- [RECORDED DATA]:
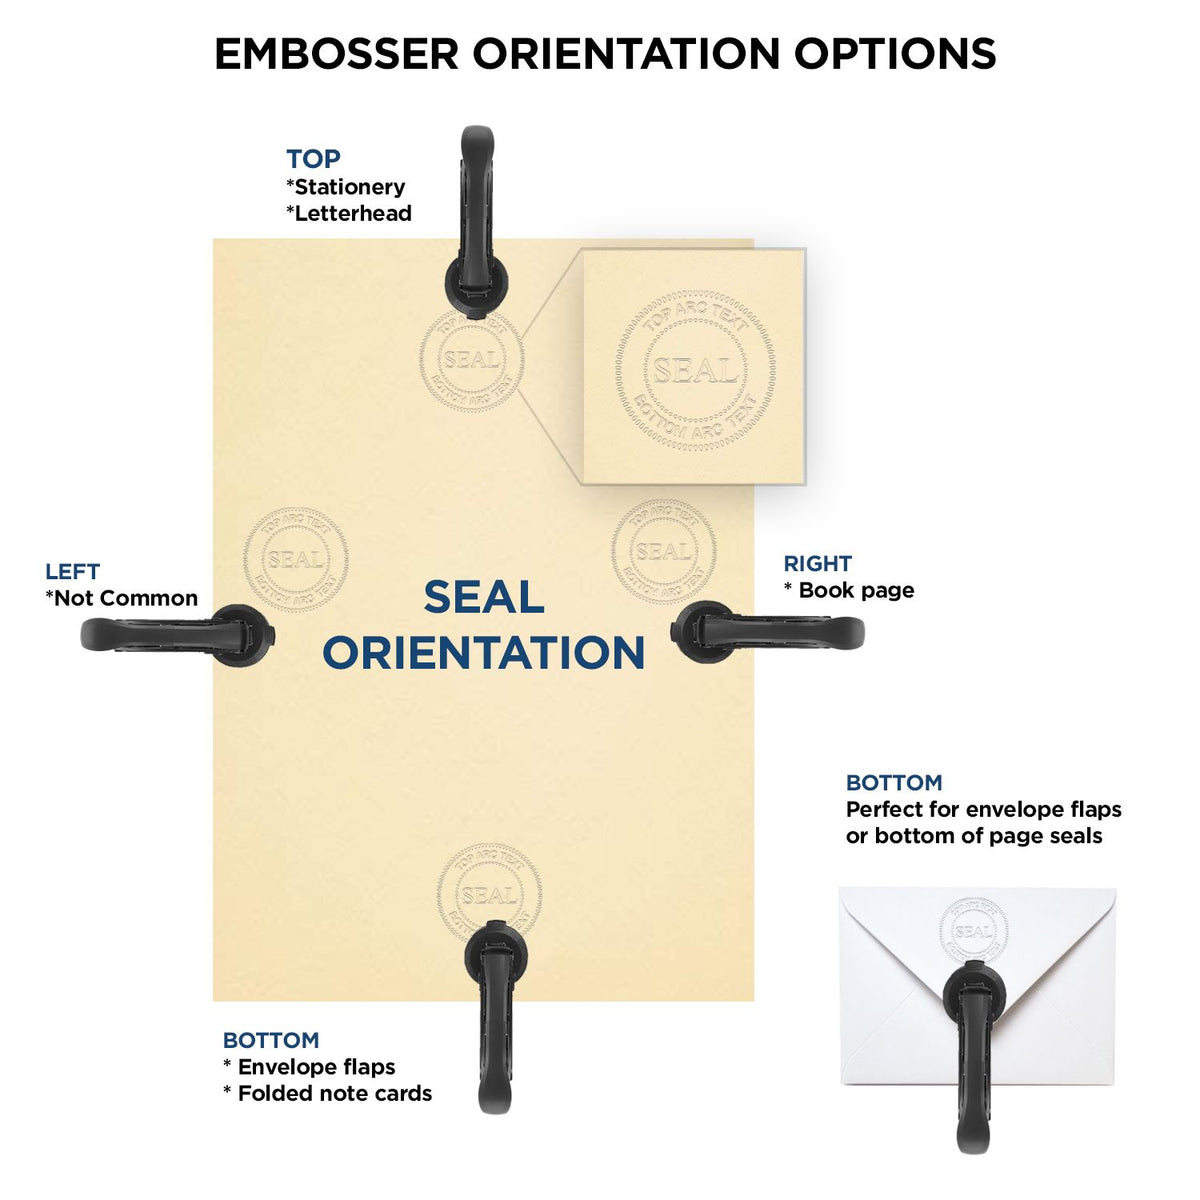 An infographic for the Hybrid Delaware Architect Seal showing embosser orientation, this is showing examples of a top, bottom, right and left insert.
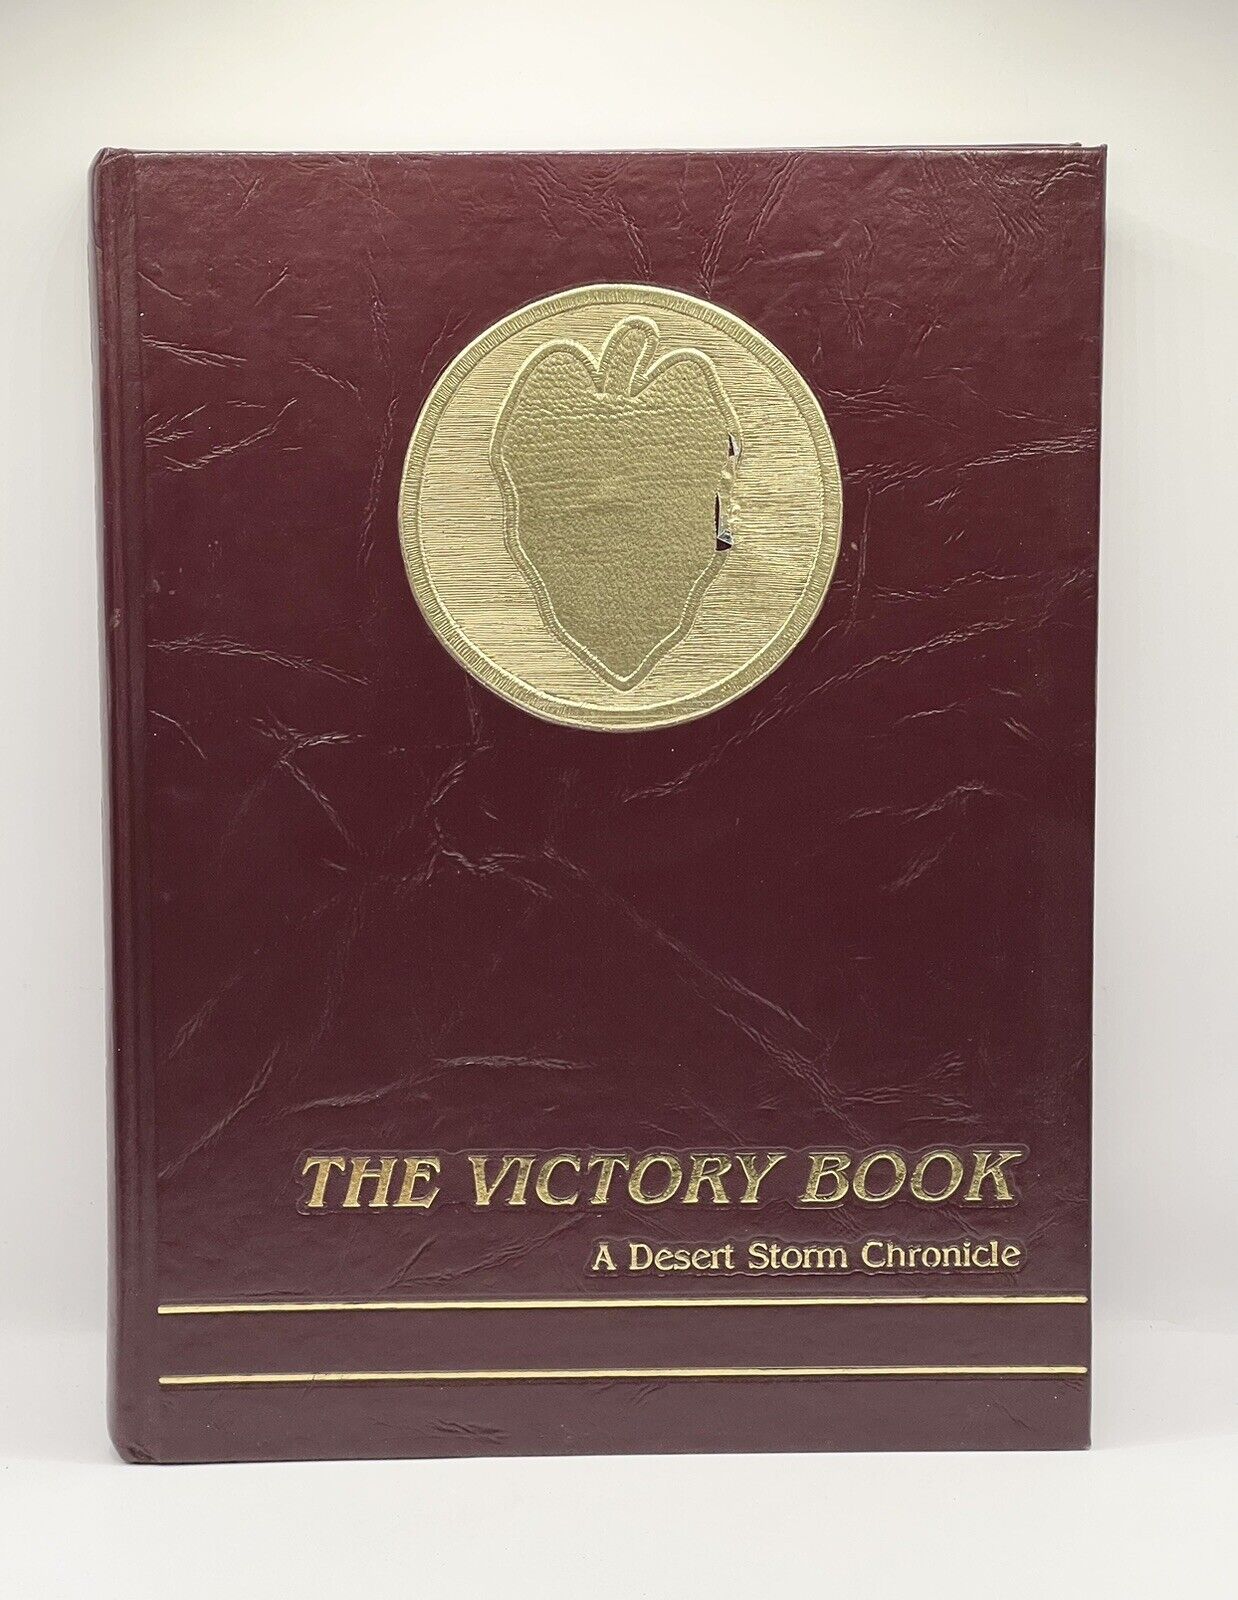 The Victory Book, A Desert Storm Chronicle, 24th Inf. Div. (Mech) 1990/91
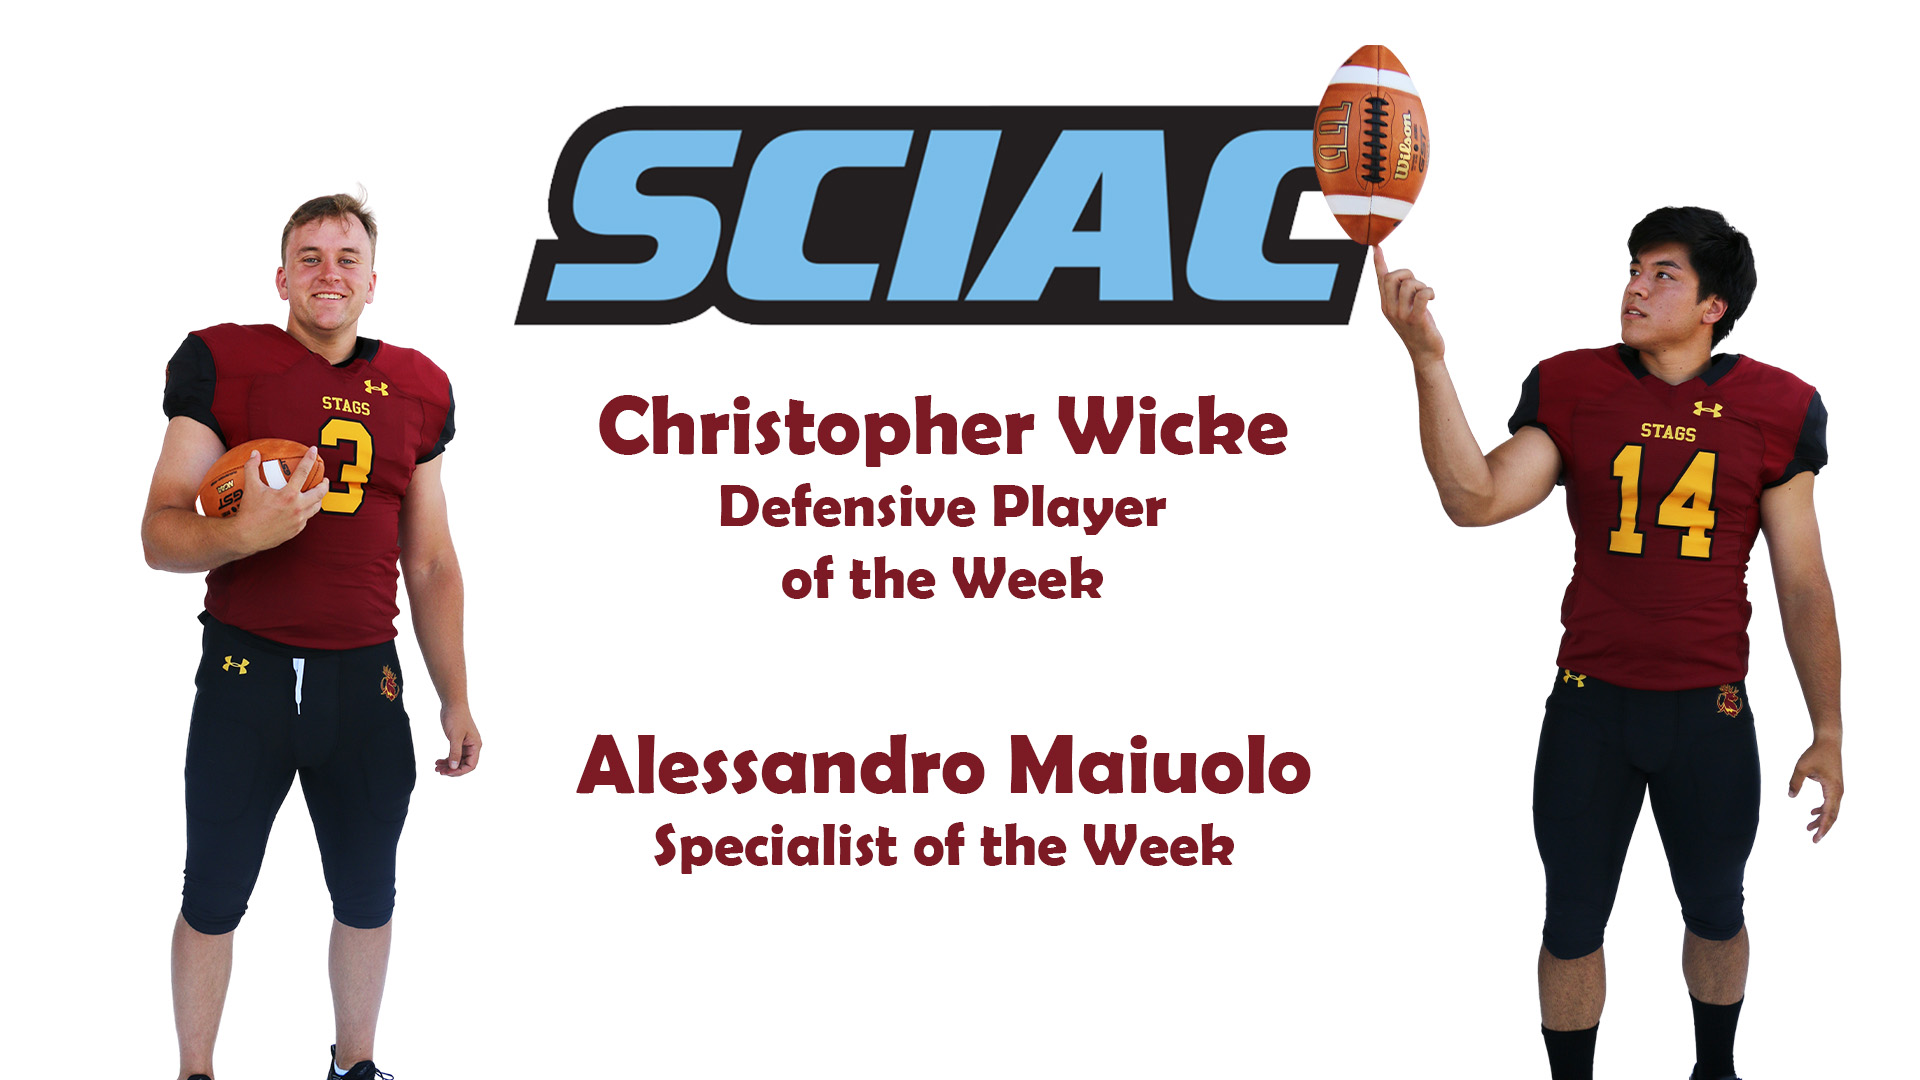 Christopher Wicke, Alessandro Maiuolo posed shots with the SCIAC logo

- [PROBLEM TO SOLVE]: Copy everything in the listing above exactly except the pictures.

- [RESPONSE BOX]:
 An infographic for the Hybrid Delaware Architect Seal showing embosser orientation, this is showing examples of a top, bottom, right and left insert.
 The Victory Book, A Desert Storm Chronicle, 24th Inf. Div. (Mech) 1990/91
 Christopher Wicke, Alessandro Maiuolo posed shots with the SCIAC logo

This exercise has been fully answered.